Handling the meat properly by utilizing cutting boards and then cleaning them properly, preferably with a steam cleaner, is also very important in the process.
Raw meat for cats should also be supplemented with probiotics as they are essential in maintaining the intestinal health of your cat.
This will help to prevent salmonella, e coli, as well as most all other bacterial infections.
However, making raw meat safer also includes one other common sense approach.
Do not let the raw meat set. If your cat has not eaten it within 30 meats, pick it up and destroy it.
But there is one thing you should be very cautious with with raw meat for cats.
If your cat has any type of an immune deficiency or challenge, you should discuss any raw meat diet first with your veterinarian.
If you both agree, you should than start them on this diet slowly to make sure it will not present any problems with their immune system.
Raw meat for cats has literally hundreds of recipes, but all recipes should stay the course with the basics found by Dr. Pottenger and use between 2/3 but no more than 75 percent raw meat.
Blending in raw muscle as well as organ meat and then adding in vegetables, excluding onions, can make an excellent meal for your cat.
The true meat purists will argue that cats do not need vegetables, but they have very important antioxidant agents that will provide additional benefits for your cat.
Raw nuts and seeds can also be added, but there is something that any recipe should include; Vitamin C and Fatty acids.

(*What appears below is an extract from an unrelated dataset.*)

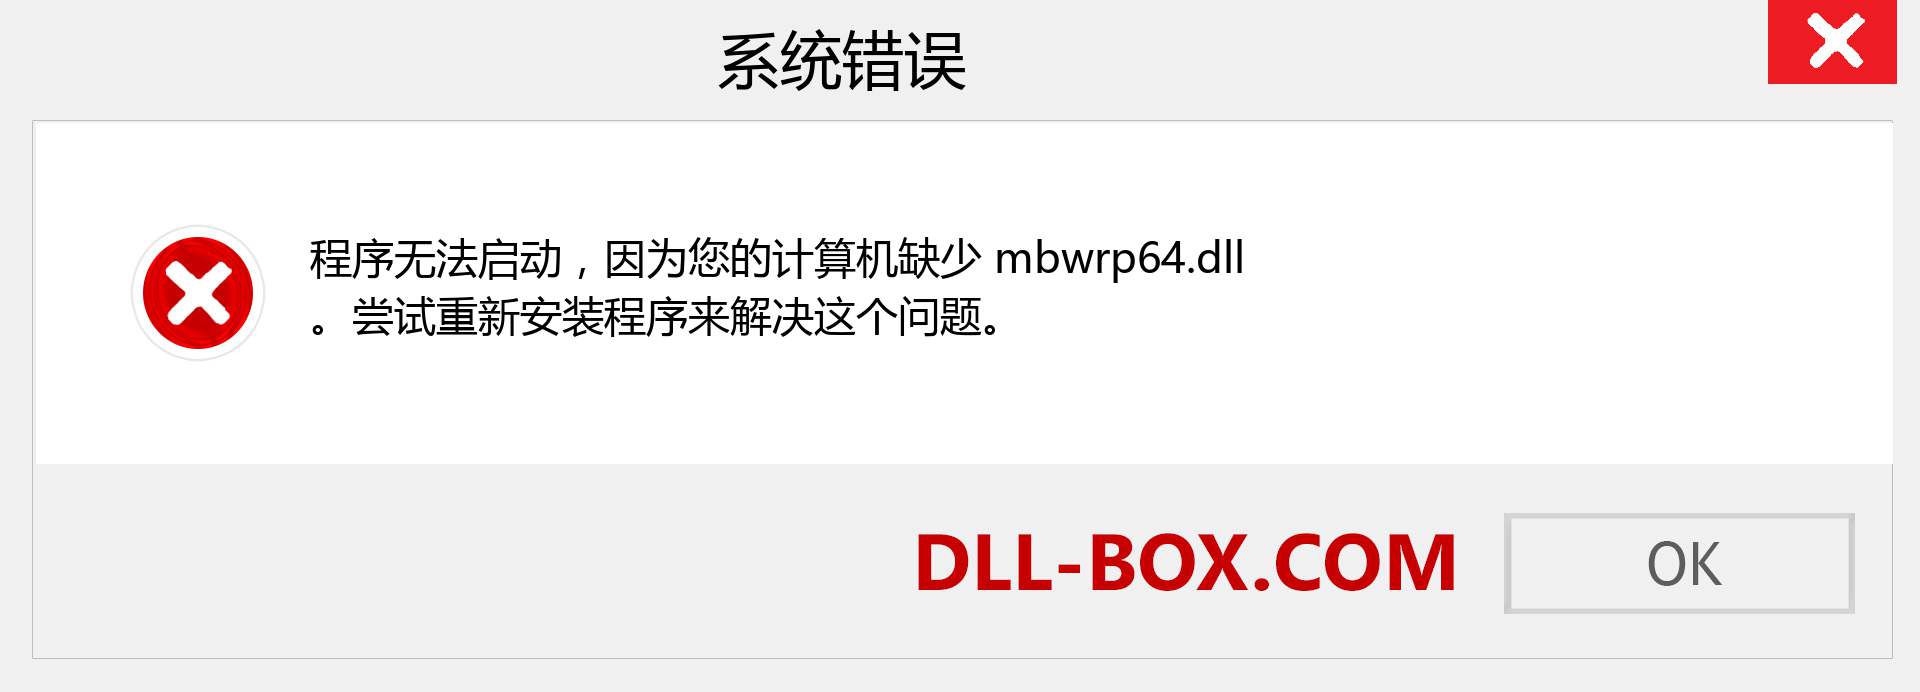 mbwrp64.dll 文件丢失？。 适用于 Windows 7、8、10 的下载 - 修复 Windows、照片、图像上的 mbwrp64 dll 丢失错误

Both are critical as antioxidants, blood purifiers, as well as helping prevent bacterial infections.
The debate on raw meat for cats has to go back to the two basic questions: is it safe and does it provide any benefits.
The studies have shown it is much safer for your cats and the health benefits are huge if you pick the correct meat, handle it properly, and then mix it correctly and supplement it with vitamins.
But there is one other question you may want to ask yourself; how many pet foods have been recalled in the last ten years?
It's your choice, but it should really be quite simple if you stick to the two basic questions.